Selon Émile Marcelin et Alfred Métraux qui écrivaient dans les années quarante et cinquante, Baron
Samedi forme avec Baron Cimetière et Baron La Croix une triade qui, avec Grande-Brigitte, épouse
de Baron Samedi, préside à tous les rituels liés aux cultes funéraires et à la mort54. Baron La Croix
va chercher les morts chez eux pour les accompagner jusqu’au cimetière, où il est symbolisé par de
petites croix en bois ou fer forgé placées sur des cubes de maçonnerie. Baron Cimetière les reçoit au
cimetière, il a pour reposoir l’orme. Grande-Brigitte a autorité sur les cimetières où une femme a été
enterrée la première. Laënnec Hurbon, dans son ouvrage Les Mystères du vaudou, considère que
Baron Samedi est également Baron Cimetière ou Baron La Croix55. Pour tous ces auteurs, Baron
Samedi, vêtu d’une redingote noire et d’un faux col, porte un chapeau claque et est symbolisé par la
croix située à l’entrée du cimetière ou au point d’intersection de deux chemins dans les cimetières
familiaux. La croix symbolise dans le vaudou et à la Guadeloupe la croisée des chemins entre le
monde des vivants et celui des morts, le carrefour « trois chemins » (twachimen), « quatre
chemins » (katchimen).
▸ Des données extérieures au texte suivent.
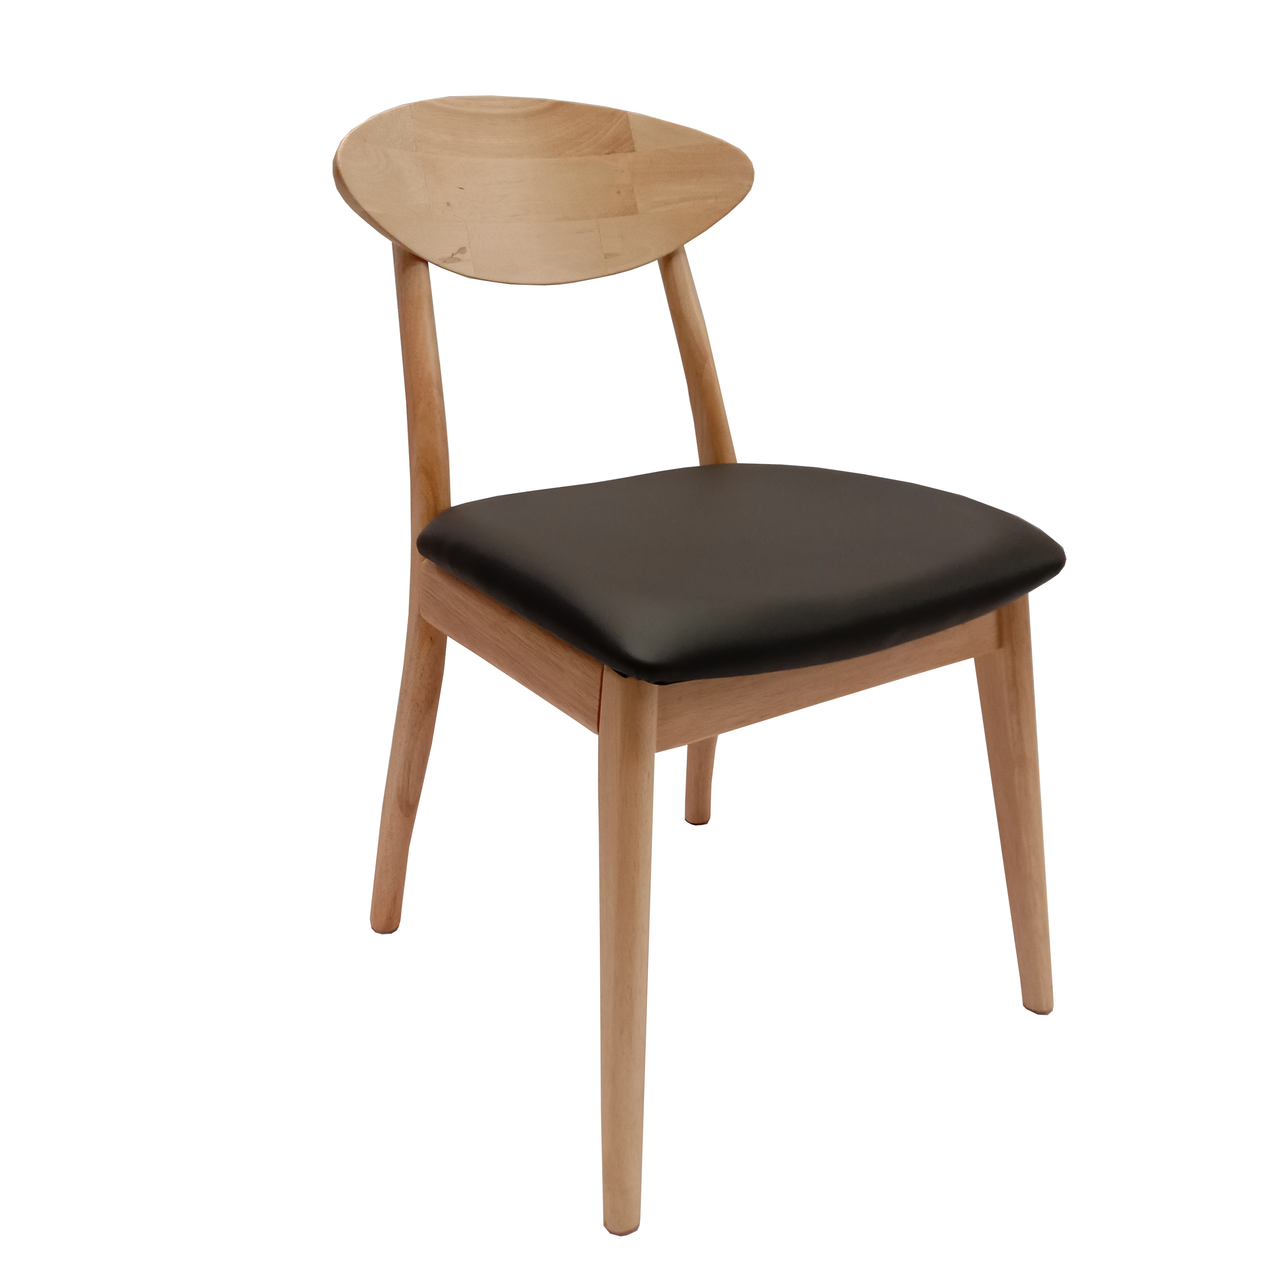 Moon chairwith Natural frame and Black PU seat

À ces croisements sont déposées les préparations maléfiques destinées à
être enjambées par les personnes à qui sont destinées des agressions sorcières.

La croix serait-elle le signifiant qui permet d’établir un lien pertinent avec la sainte de Poitiers ? La
relique de la Croix tient une place importante dans le culte de sainte Radegonde de Poitiers. Au pied
de la gardienne des cimetières à la Guadeloupe, se trouve une croix à l’intérieur du cercle formé par
le serpent lové sur lui-même, et c’est bien de croix dont il est question dans les deux prières récitées
aux Antilles. La prière pour sainte Radegonde de Guadeloupe, qui mentionne plusieurs croix, n’est
que le premier paragraphe de celle pour le Roi Degonde, qui est suivi d’une invocation à la Croix
du Christ.

 56 HERSKOVITS, 1937.

52Le nom, la fonction et l’iconographie de sainte Radegonde à la Guadeloupe opèrent une complète
disjonction avec leurs équivalents européens. Rien dans l’hagiographie des sainte Radegonde
européennes, sauf peut-être la relique de la Croix, ne permet de faire le lien avec le culte rendu à
Pointe-à-Pitre, la fonction de la sainte guadeloupéenne n’existant pas dans le catholicisme européen
et l’iconographie de celle ci demeurant celle d’une représentation de la Vierge. Ce hiatus aux
niveaux du sens, de la forme et de la fonction nous autorise à parler de vision du monde créole, et
non pas de catholicisme populaire, ni même de réinterprétation – dans un cadre de pensée africain
pour s’exprimer comme M. J. Herskovits56. Analyser les recours médicaux et religieux en termes
de vision du monde nous amène ainsi à rejeter la notion de réinterprétation – toujours entachée
d’une idéologie quant à l’origine du système décrit, considérée comme catholique ou africaine
suivant la position intellectuelle et idéologique du chercheur qui l’examine. Si l’on utilisait le
concept de réinterprétation, on devrait être en mesure d’analyser ce qui a été réinterprété : le nom
d’une sainte, une iconographie catholique, une catégorie de pensée africaine ou européenne. Or ici,
on est face à un phénomène de création totale.
Qu’est-ce qui de l’iconographie, du nom, de la fonction a été réinterprété ? Le cas de sainte
Radegonde n’est pas unique, d’autres saints du panthéon guadeloupéen se prêteraient à une analyse
du type de celle que je viens de proposer.